Israel's Prime Minister Benjamin Netanyahu meets with German Foreign Minister Guido Westerwelle at the Prime Minister's residence in Jerusalem, on August 12, 2013. (photo credit: Kobi Gideon / GPO / Flash90)
Israel's Prime Minister Benjamin Netanyahu meets with German Foreign Minister Guido Westerwelle at the Prime Minister's residence in Jerusalem, on August 12, 2013. (photo credit: Kobi Gideon / GPO / Flash90)

Prime Minister Benjamin Netanyahu criticized the European Union’s new anti-settlement directives Monday in a meeting with German Foreign Minister Guido Westerwelle, who was on an official visit to Israel.

“Germany is a friend of Israel,” said Netanyahu. “We both want the same thing — to achieve peace. We’re committed to peace and we’re working for peace. I have to say, on a sad note, that I think Europe — the European guidelines by the EU — have actually undermined peace.”

“They’ve hardened Palestinian positions, they seek an unrealistic end that everybody knows is not going to happen, and I think they stand in the way of reaching a solution which will only be reached by negotiations by the parties, and not by an external diktat,” the prime minister continued.

Westerwelle did not address Netanyahu’s statement directly, instead offering his support for this week’s negotiations with the Palestinians. “So let me just wish you the very best, personally and of course for the upcoming direct talks,” he said. “We encourage everyone to stay on this track. We will support you.”

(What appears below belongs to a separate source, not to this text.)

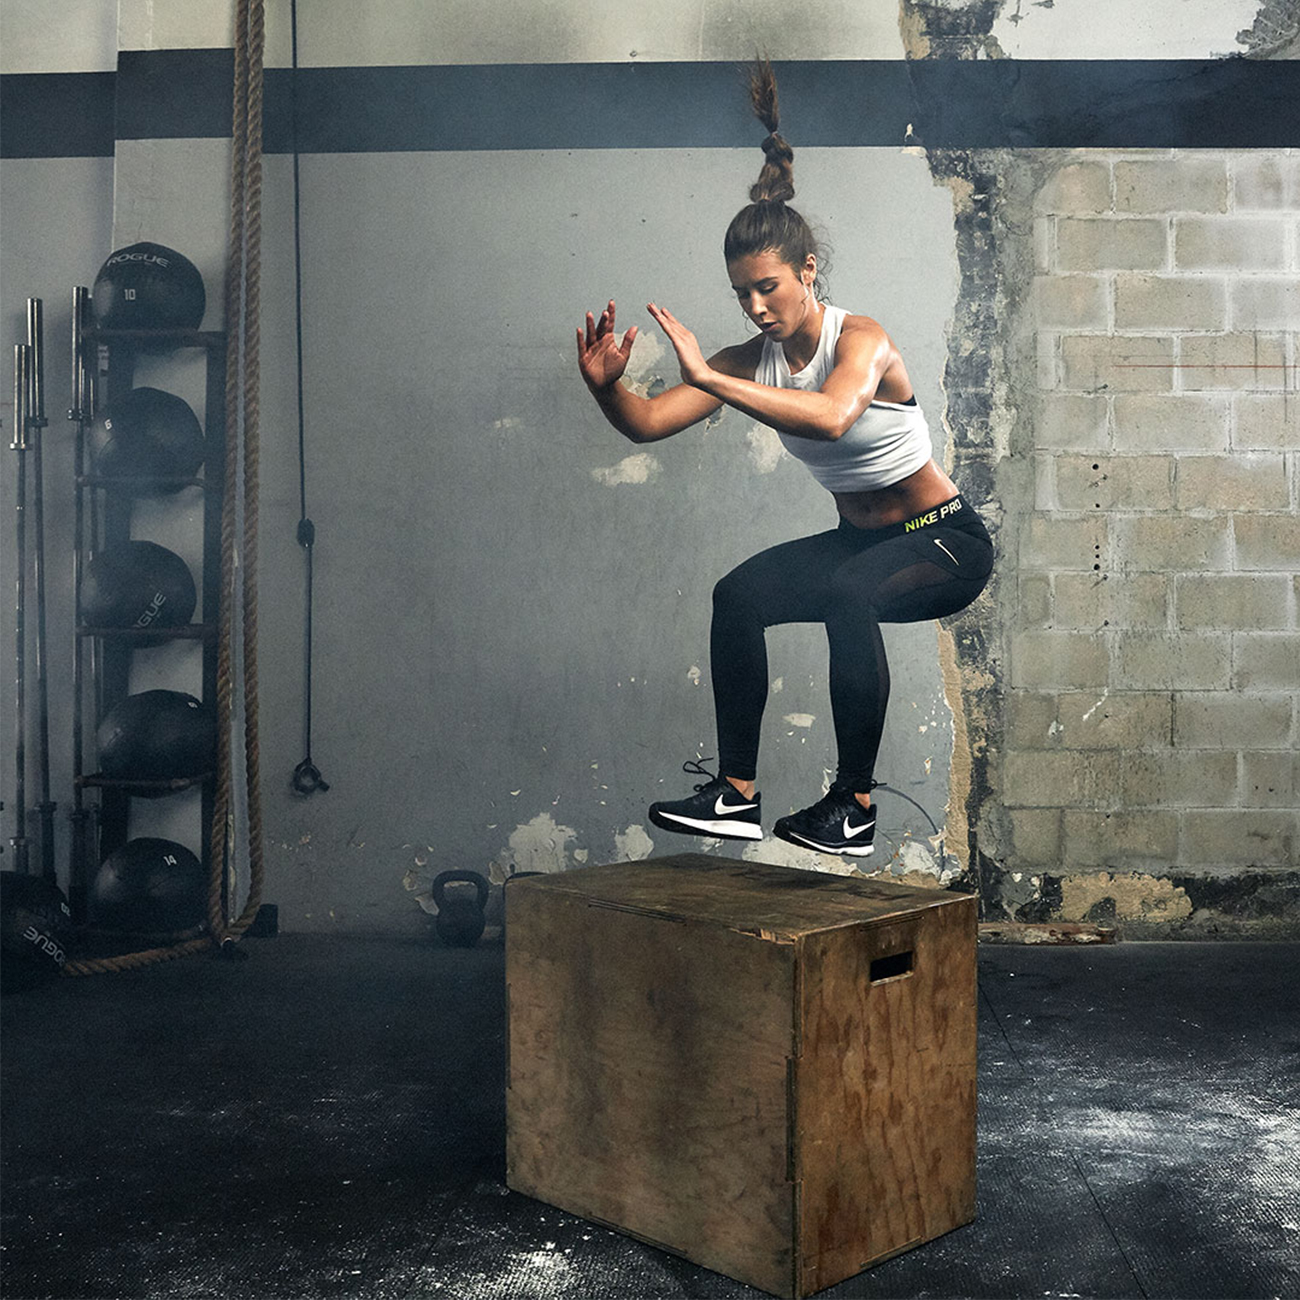 crossfit cvicenie, skákanie na drevenom boxe pocas tréningu v telocvicni.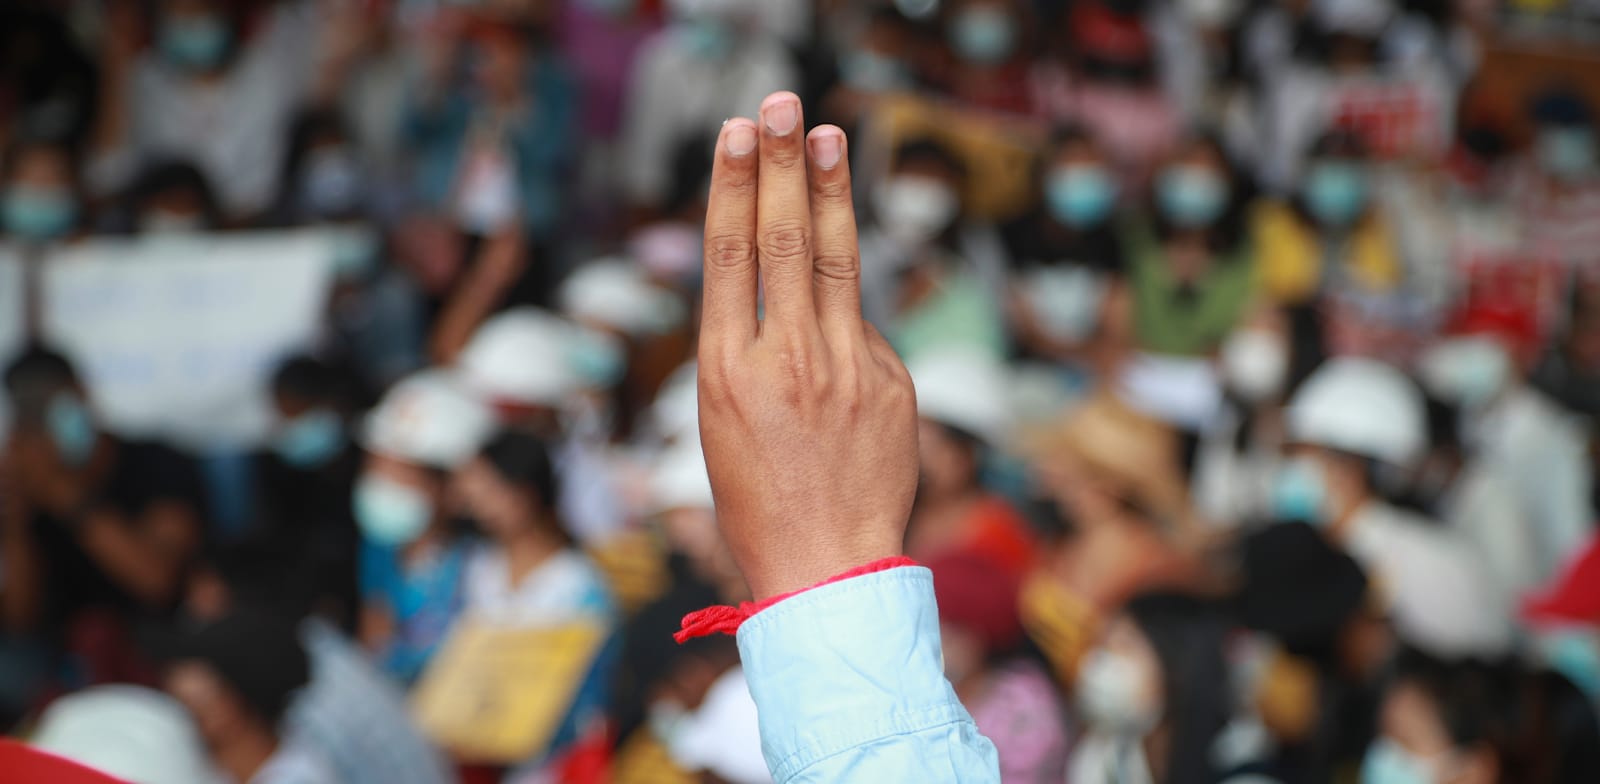 מפגינים באסיה מצדיעים עם שלוש אצבעות כמו ב"משחקי הרעב" / צילום: Associated Press

The new directives, to take effect at the start of 2014, require the EU and its members to cease any joint activity with — or funding of — Israeli entities working in the West Bank, East Jerusalem, and the Golan Heights.

The measures also require any future agreements between Israel and the EU to include a clause in which Israel accepts the European Union’s position that all territory over the Green Line does not belong to Israel — a requirement that is anathema to Israel.

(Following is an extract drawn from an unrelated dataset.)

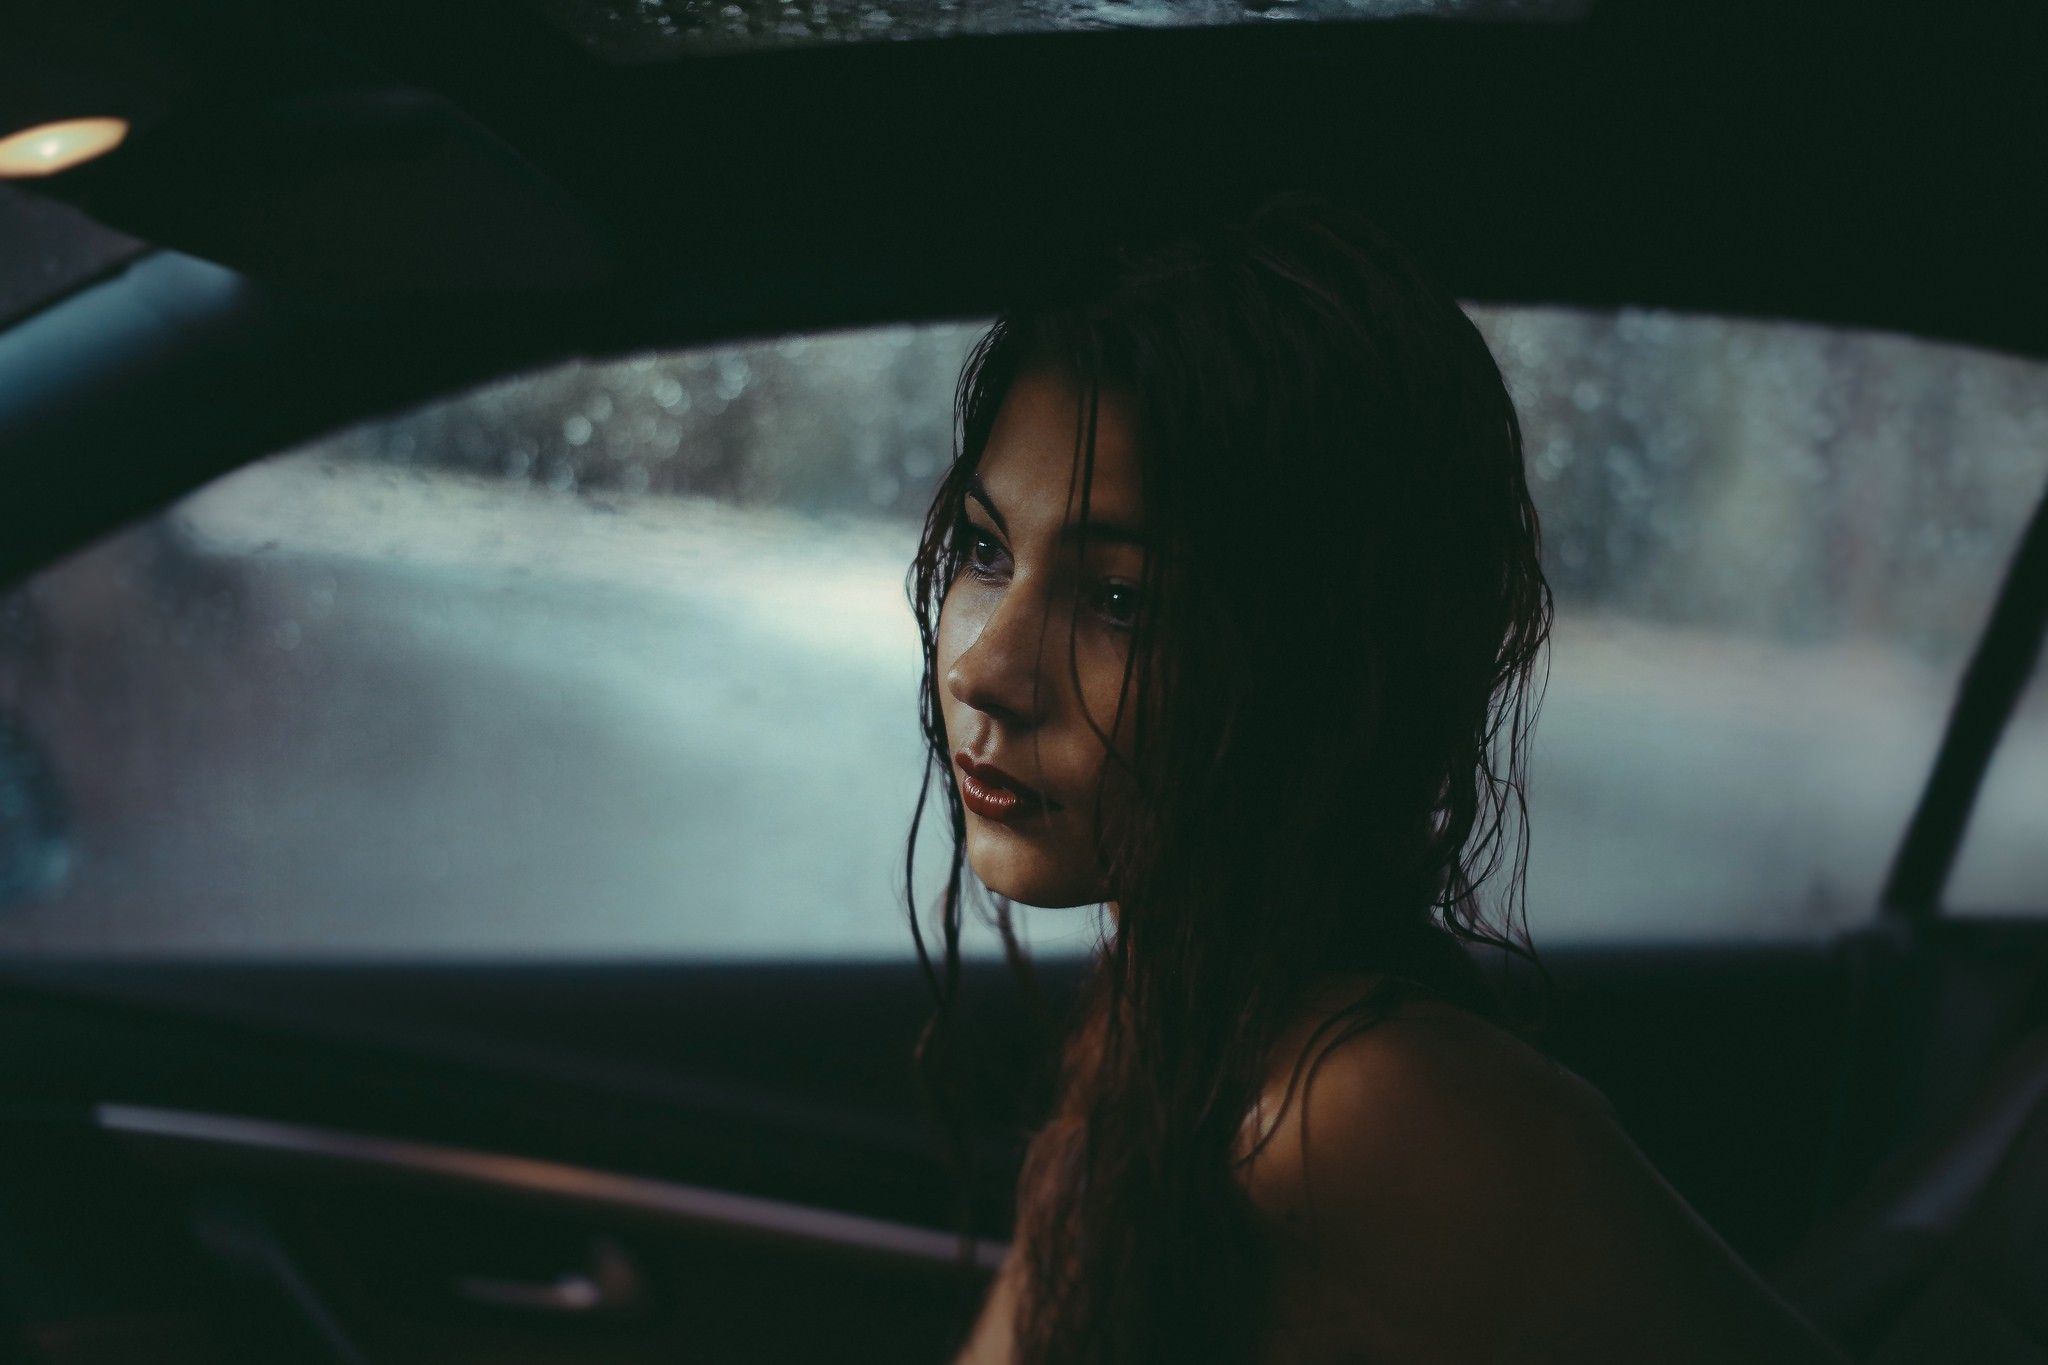 Wallpaper, women, looking away, brunette, rain, lipstick, wet hair, driving, darkness, screenshot 2048x1365

Westerwelle also met with Palestinian Authority President Mahmoud Abbas in Ramallah on Monday. Abbas decried Israel’s plan to build more housing units in the West Bank, calling it “illegal and disgraceful.”

The day before, President Shimon Peres met with the German foreign minister and called on the EU to halt the implementation of the measures, saying that when the future borders are determined between Israel and a Palestinian state, the issue of settlements will be solved.

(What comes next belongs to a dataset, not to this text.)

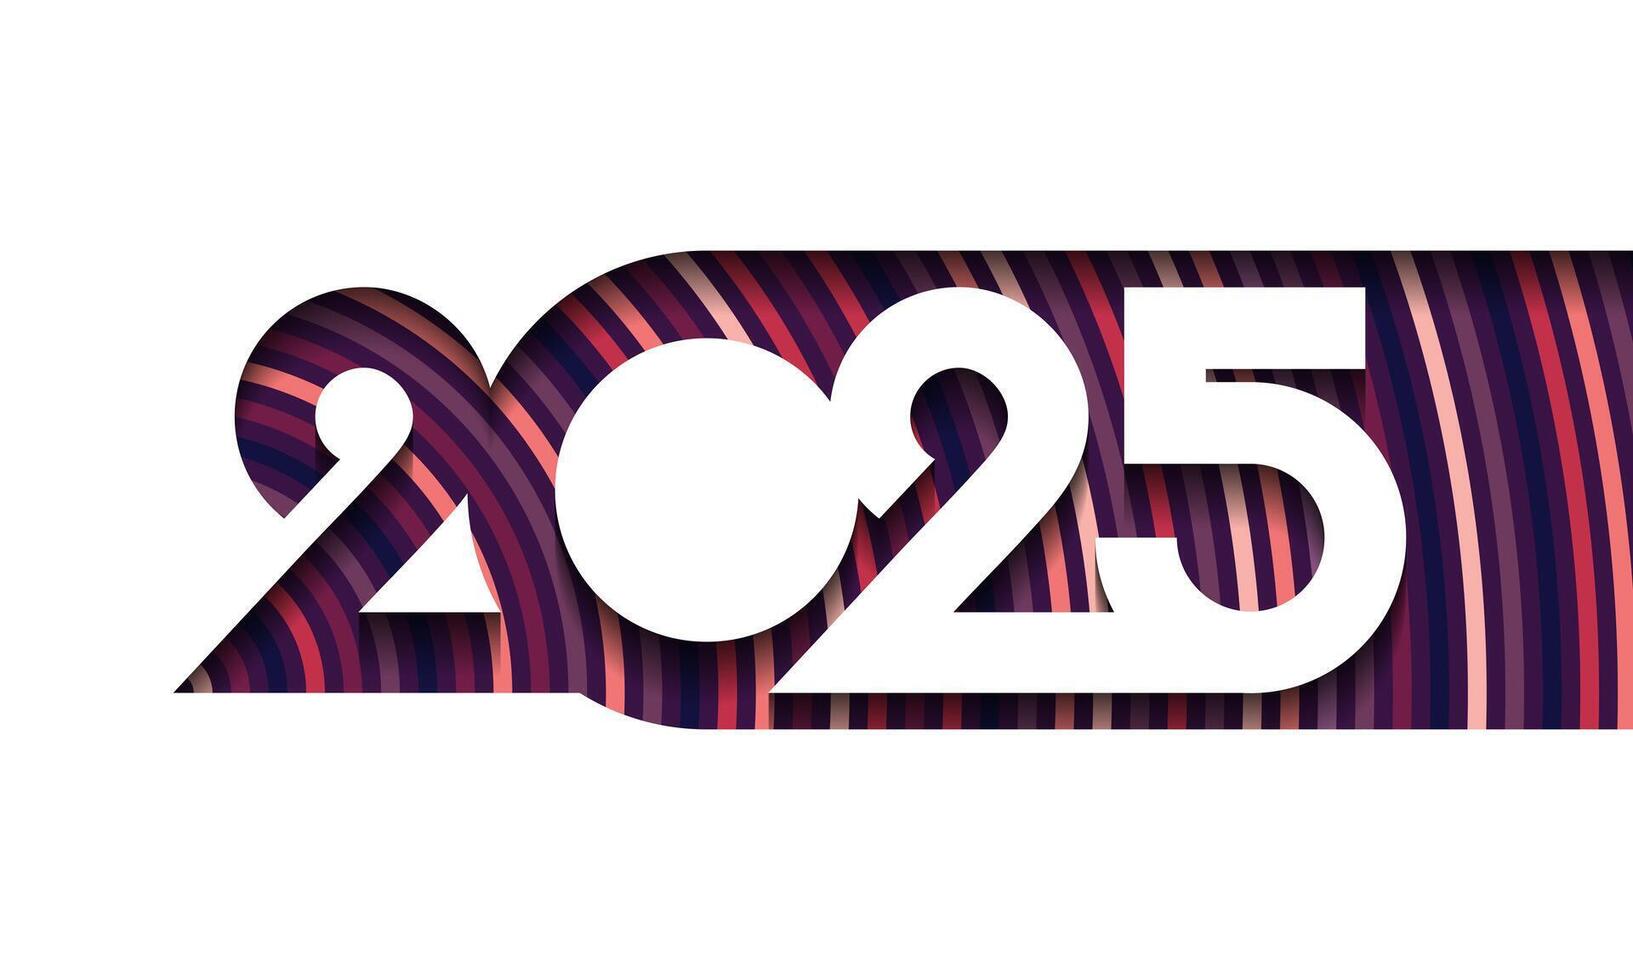 2025 contento nuevo año antecedentes diseño. vector

“I recommend freezing this resolution at this time,” Peres told Westerwelle. The EU resolution “addresses the question of borders and the differences between the West Bank and Israel, but if we reach an agreement this question will be meaningless,” said the president.

Peres added that, for the first time, the Arab world was showing its support for peace and that “Israel was united” around the need for a two-state solution.

Westerwelle said there was “no change” in the EU approach toward cooperation with Israel, and that it would continue to strengthen the ties between them.

Tzipi Livni holds a joint press conference with Guido Westerwelle at the King David Hotel in Jerusalem on August 11, 2013 (photo credit: Miriam Alster/Flash90)
Tzipi Livni holds a joint press conference with Guido Westerwelle at the King David Hotel in Jerusalem on August 11, 2013. (photo credit: Miriam Alster/Flash90)

Earlier Sunday, Justice Minister Tzipi Livni said the borders between Israel and a future Palestinian state will be determined by the two sides, and not by the European Union.